Ülke de 3S Planı (Sermaye,Siyaset,Silah) ikinci aşaması devreye konulmuştur, Şöyle ki: 1)Sermayede (gelir dağılımında) taban ve tavan arasındaki kopuş kavga ortamına sosyolojik zemini, 2)Devlet beyin APO’ya yeşil ışık yakmasına, Cumhurbaşkanının tam desteği rağmen siyasette de tavan ile taban arasındaki bağı koparacak ve siyasal alanda kavgayı körükleyecektir, 3) En büyük tehlike ise yukarıdaki bu iki kopuşun, devletin silahlı güçleri içerisinde tavan ile taban arasındaki bağın kopma riski Vicdani Akıl Sahiplerince idrak edilmelidir…
Unutmayalım; kendisini yönetemeyenleri, başkaları kendisiyle birlikte yönetirler.
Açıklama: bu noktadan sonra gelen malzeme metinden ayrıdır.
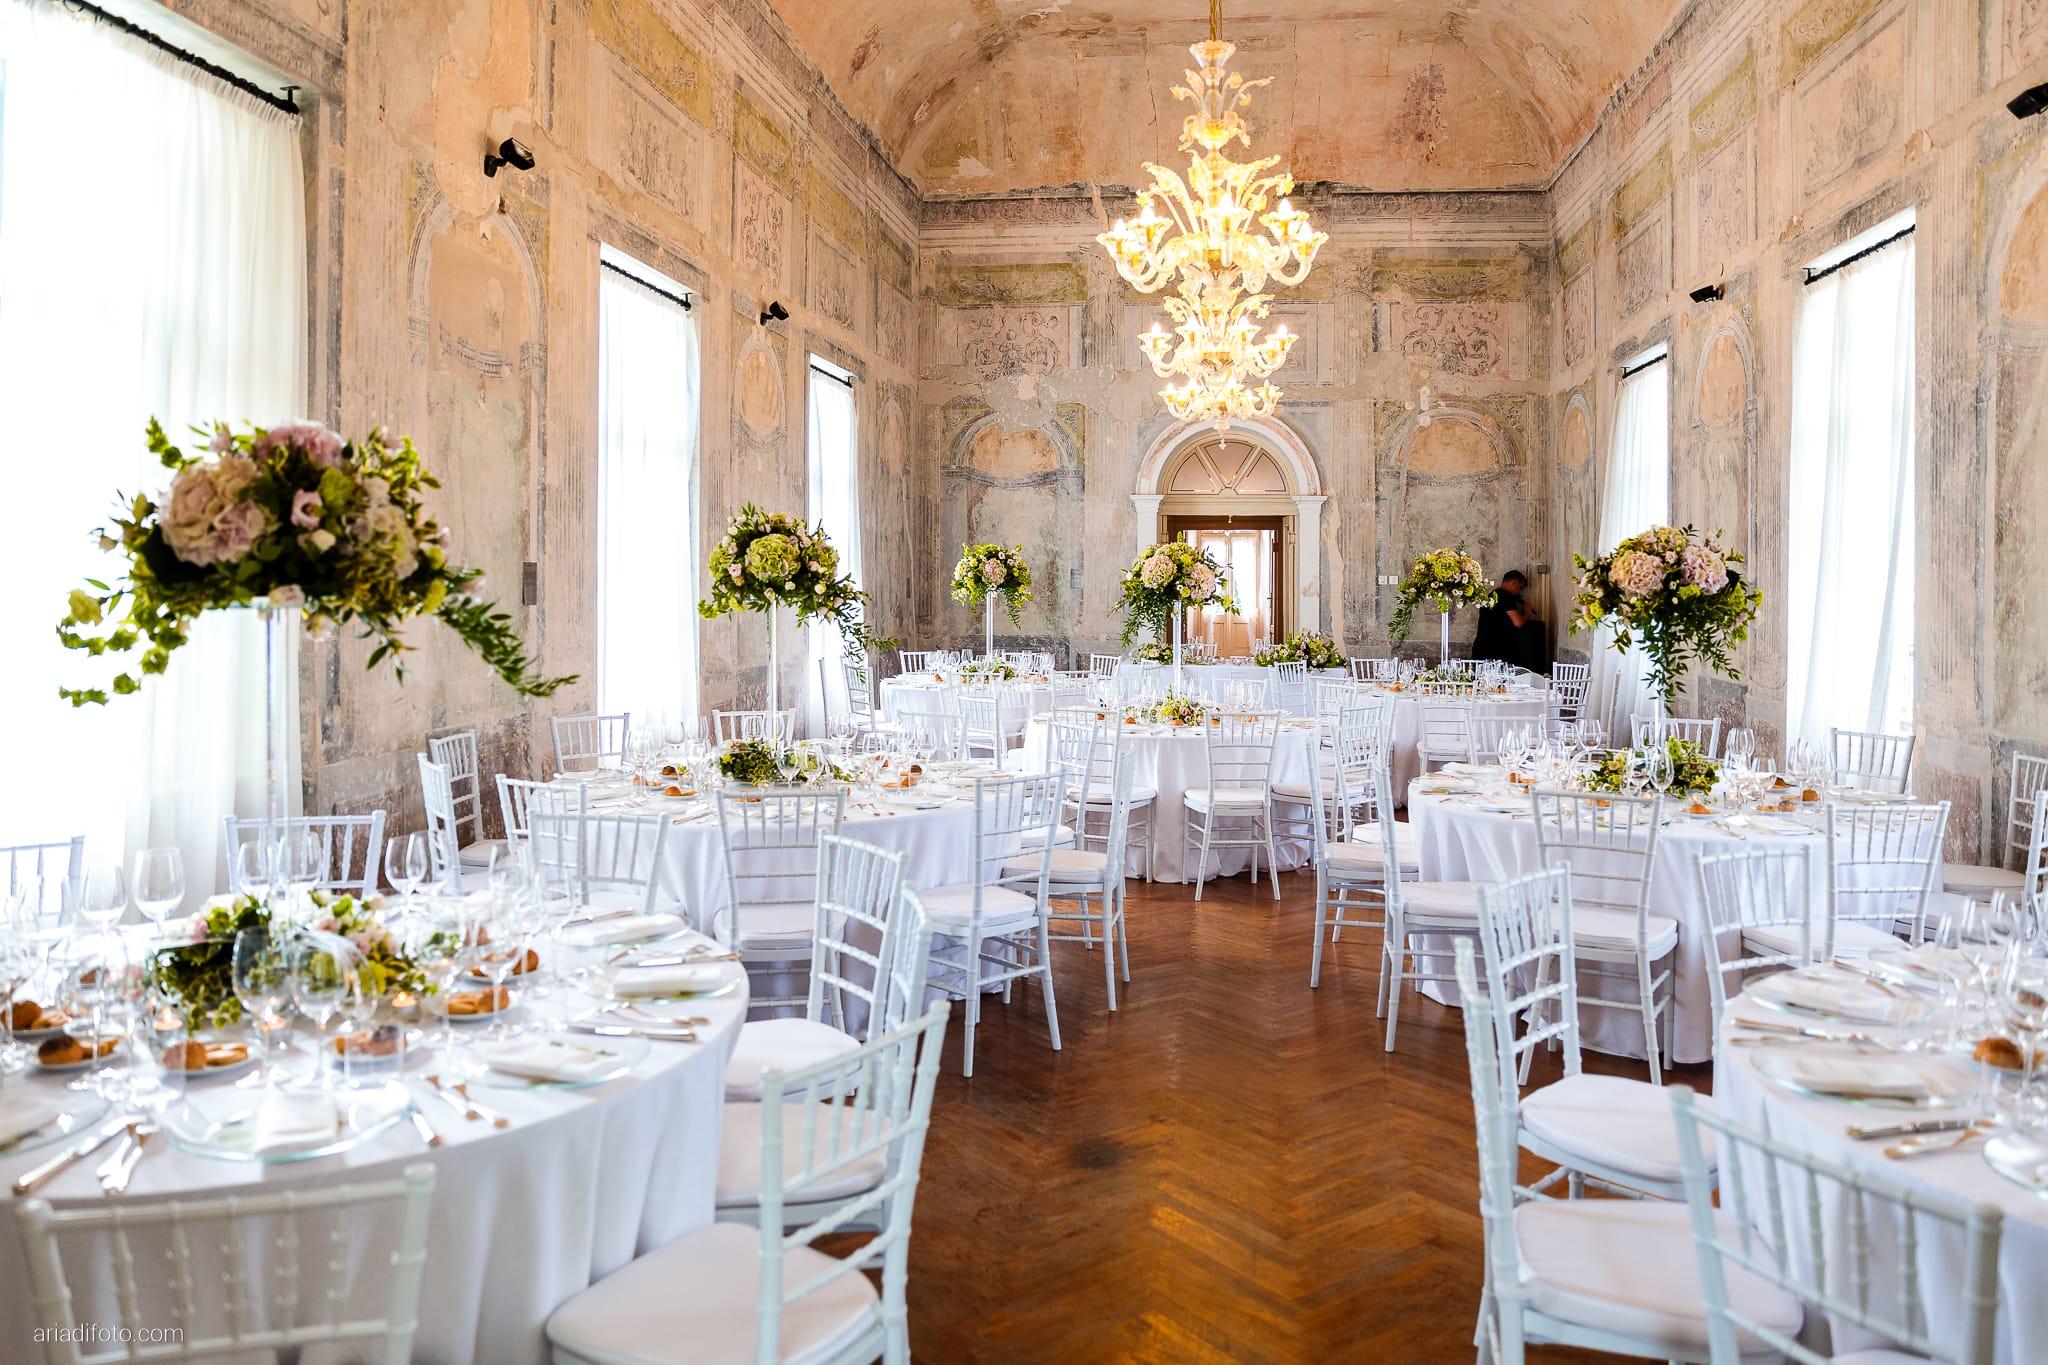 Valentina Marco Matrimonio Duomo Gorizia Castelvecchio Sagrado ricevimento dettagli decorazioni allestimenti sala centrotavola

Dün, iç çatışmalar üzerinden ve hatta başarısız darbeler üzerinden “İHTİLAL” hazırlığı yapan, Güneydoğumuzda “BÜYÜK İSRAİL”, kuzeybatımızda “BİZANS” kurmak isteyen, sermaye ve siyaseti gayri milli zümrelere veren; jandarmalığı ise “TÜRK ÇOCUKLARI”na layık gören “KÜRSEL İHTİLAL” hesaplarını bozmak zorundayız.
Bu sebeple;
Türkmen, Kürt, Boşnak, Rum, Çerkez v.s. kim kendisini nasıl tarif ediyor ise, özü ile, “TÜRKLÜĞÜN ÇOKLUK İÇİNDE BİRLİK” anlayışı ve “MATURİDİ” inanç anlayışı çerçevesinde; notaları, ADALET İLE YAZILMIŞ, TAM DEMOKRATİK, ŞEFAF, HESAP VERİLEBİLİRLİK ESASINDA, SÜRDÜRÜLEBİLİR KURUMSAL DÜSÜNCE SİSTEMİ İLE BİR KAMUSAL SİTEM İNŞA EDELİM Kİ, CUMHURİYETİMİZİN 101.YILINDA, Gazi Mustafa Kemal ATATÜRK’ÜN MUASIR MEDENİYET ufkunda, yarınlarda torunlarımız bize, “101 DEFA MAŞALLAH” demekten onur duysunlar.